Task description: Exactly as they appear, retype the lines from the one containing "上海瑞通护理院标志VI设计图16" through the final line of the data below. Leave pictures out.

Provided data:

......

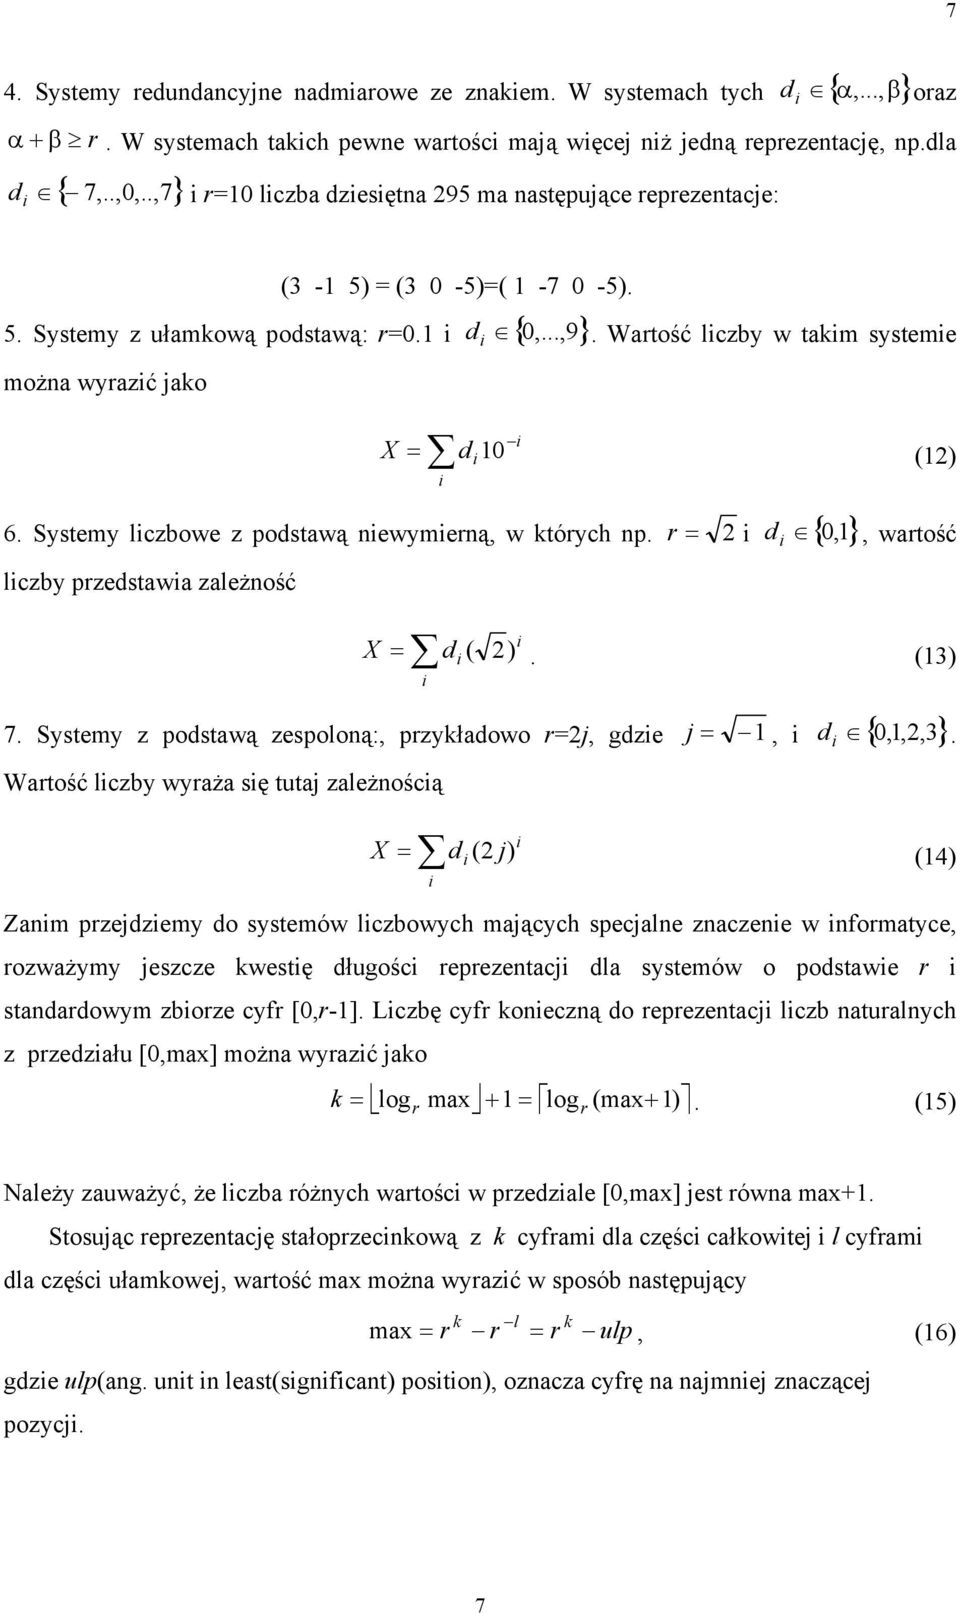 Systemy lczbowe z podstawą ewymerą, w których p. r =,, wartość lczby przedstawa zależość d { } = d ( ). (3) 7. Systemy z podstawą zespoloą:, przykładowo r=j, gdze j =,,,,3.
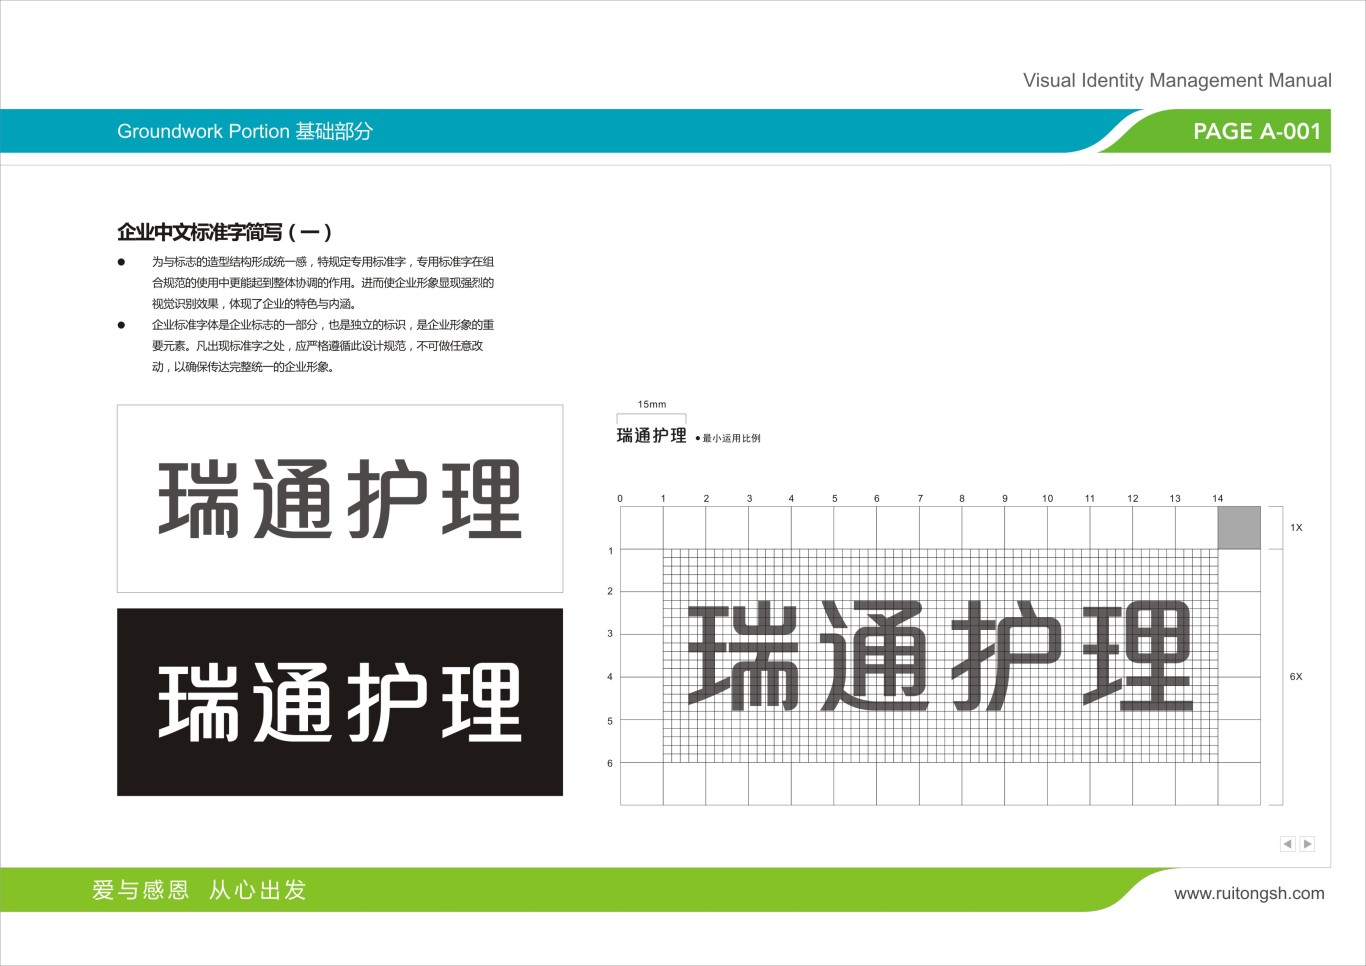 上海瑞通护理院标志VI设计图16
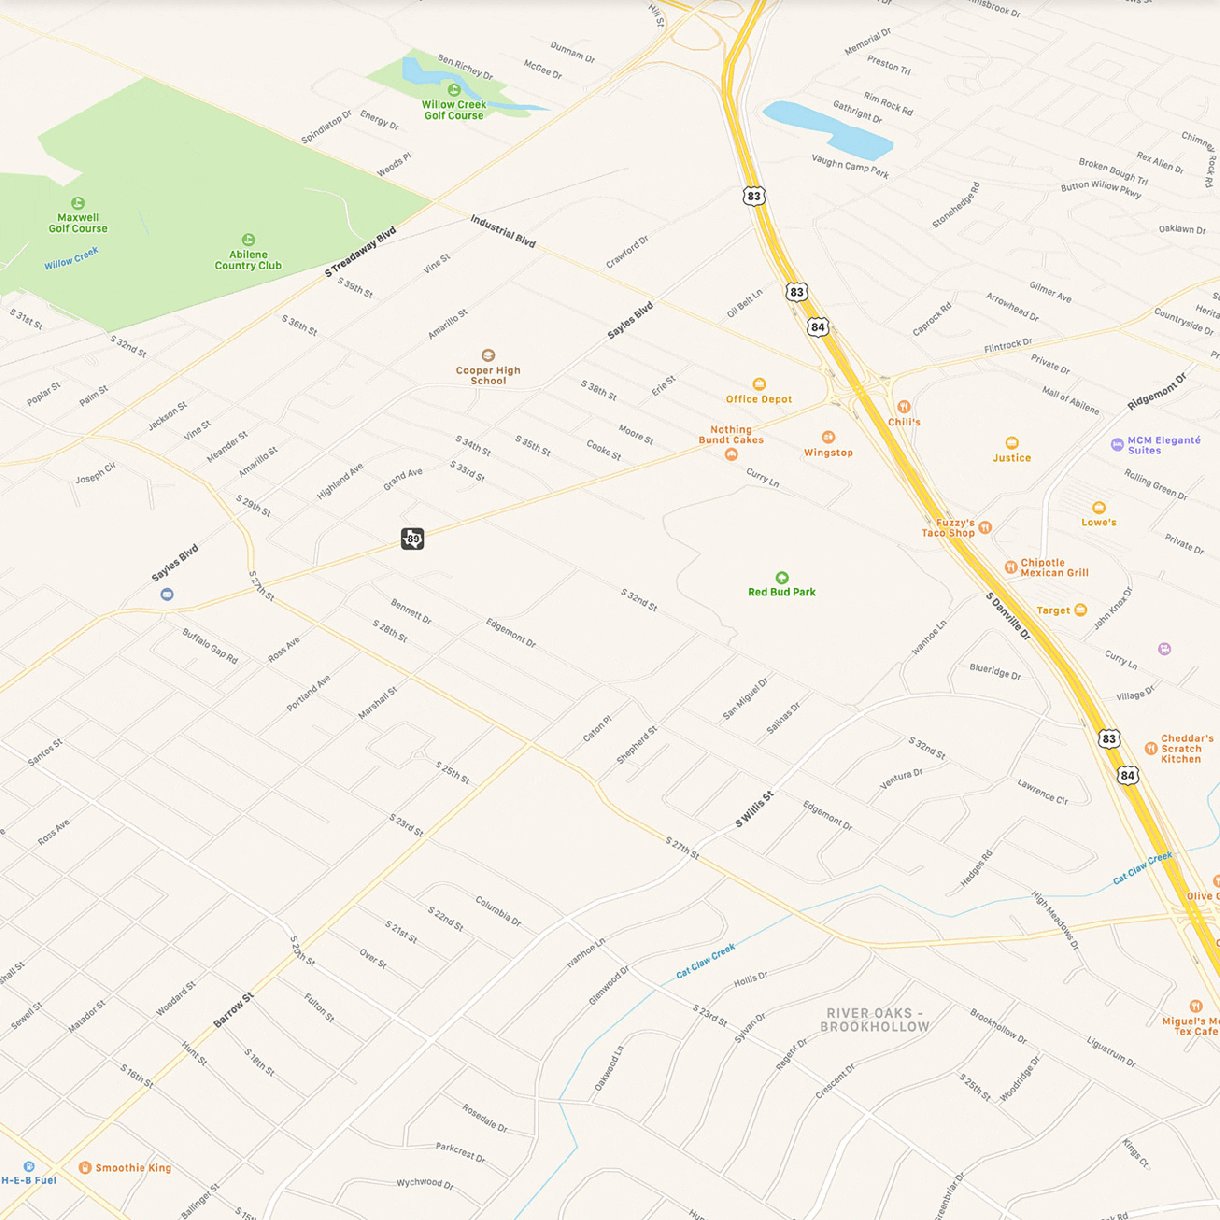 Contoh perubahan pada aplikasi Maps Apple
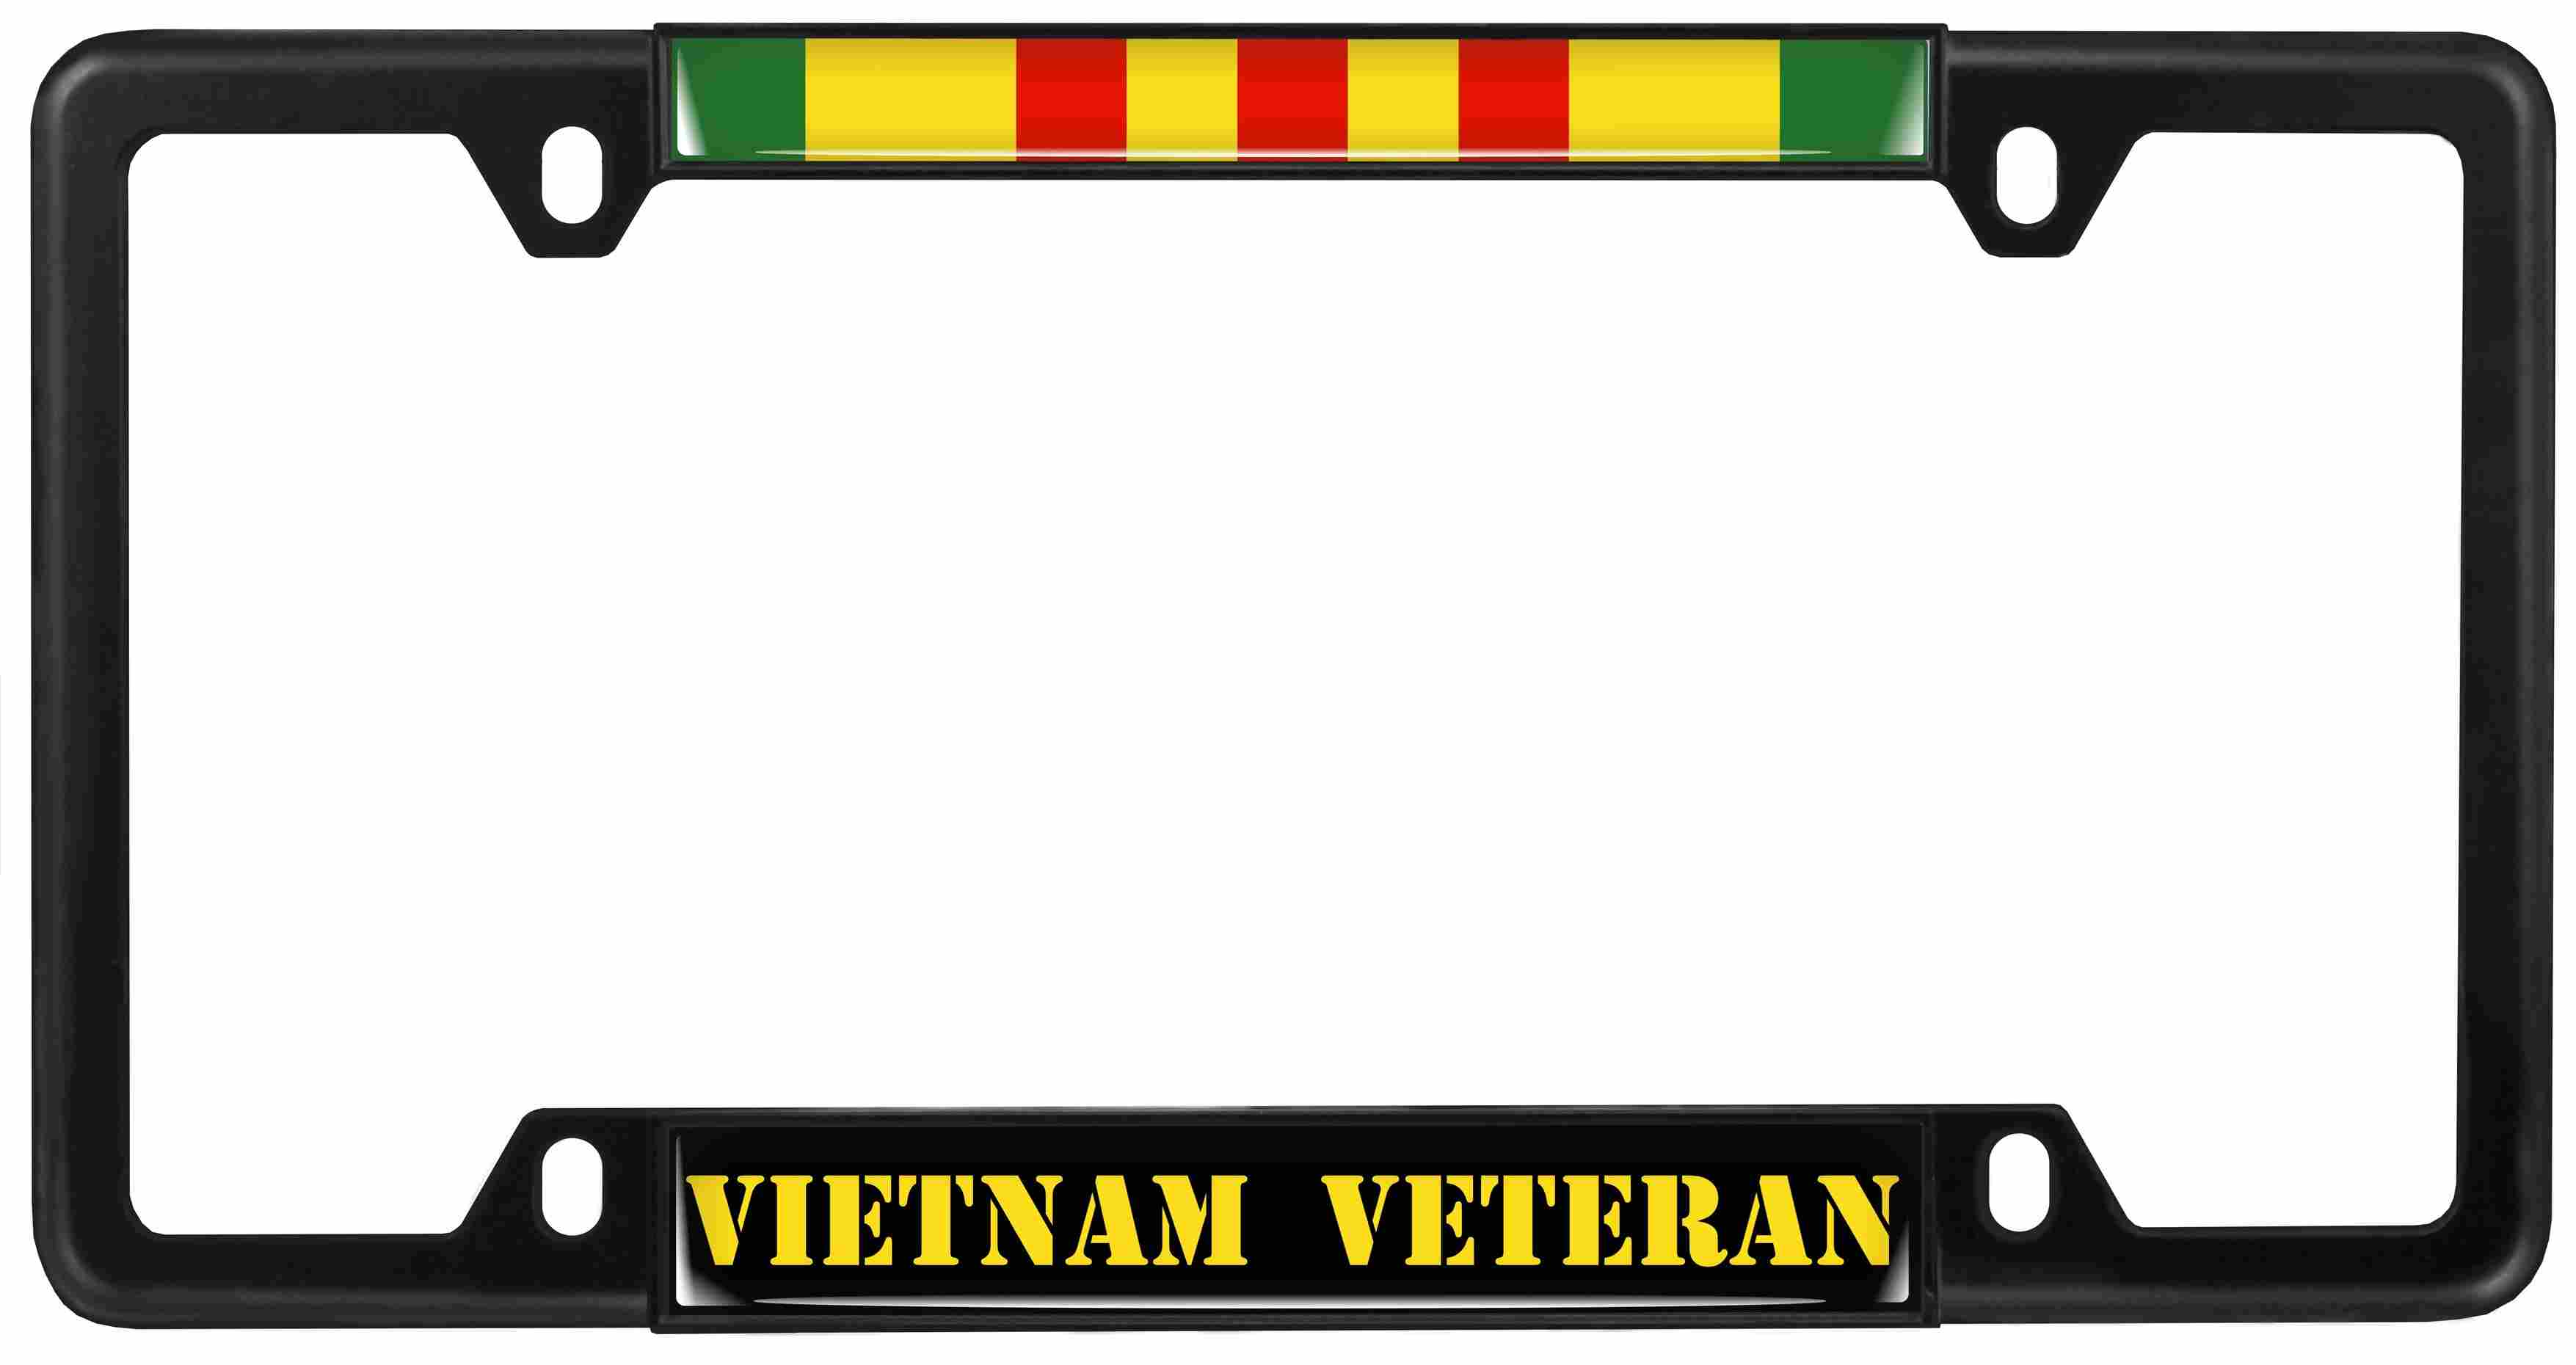 Vietnam Veteran - Car Metal License Plate Frame

......

Solved problem:
 上海瑞通护理院标志VI设计图16
 Contoh perubahan pada aplikasi Maps Apple
 Vietnam Veteran - Car Metal License Plate Frame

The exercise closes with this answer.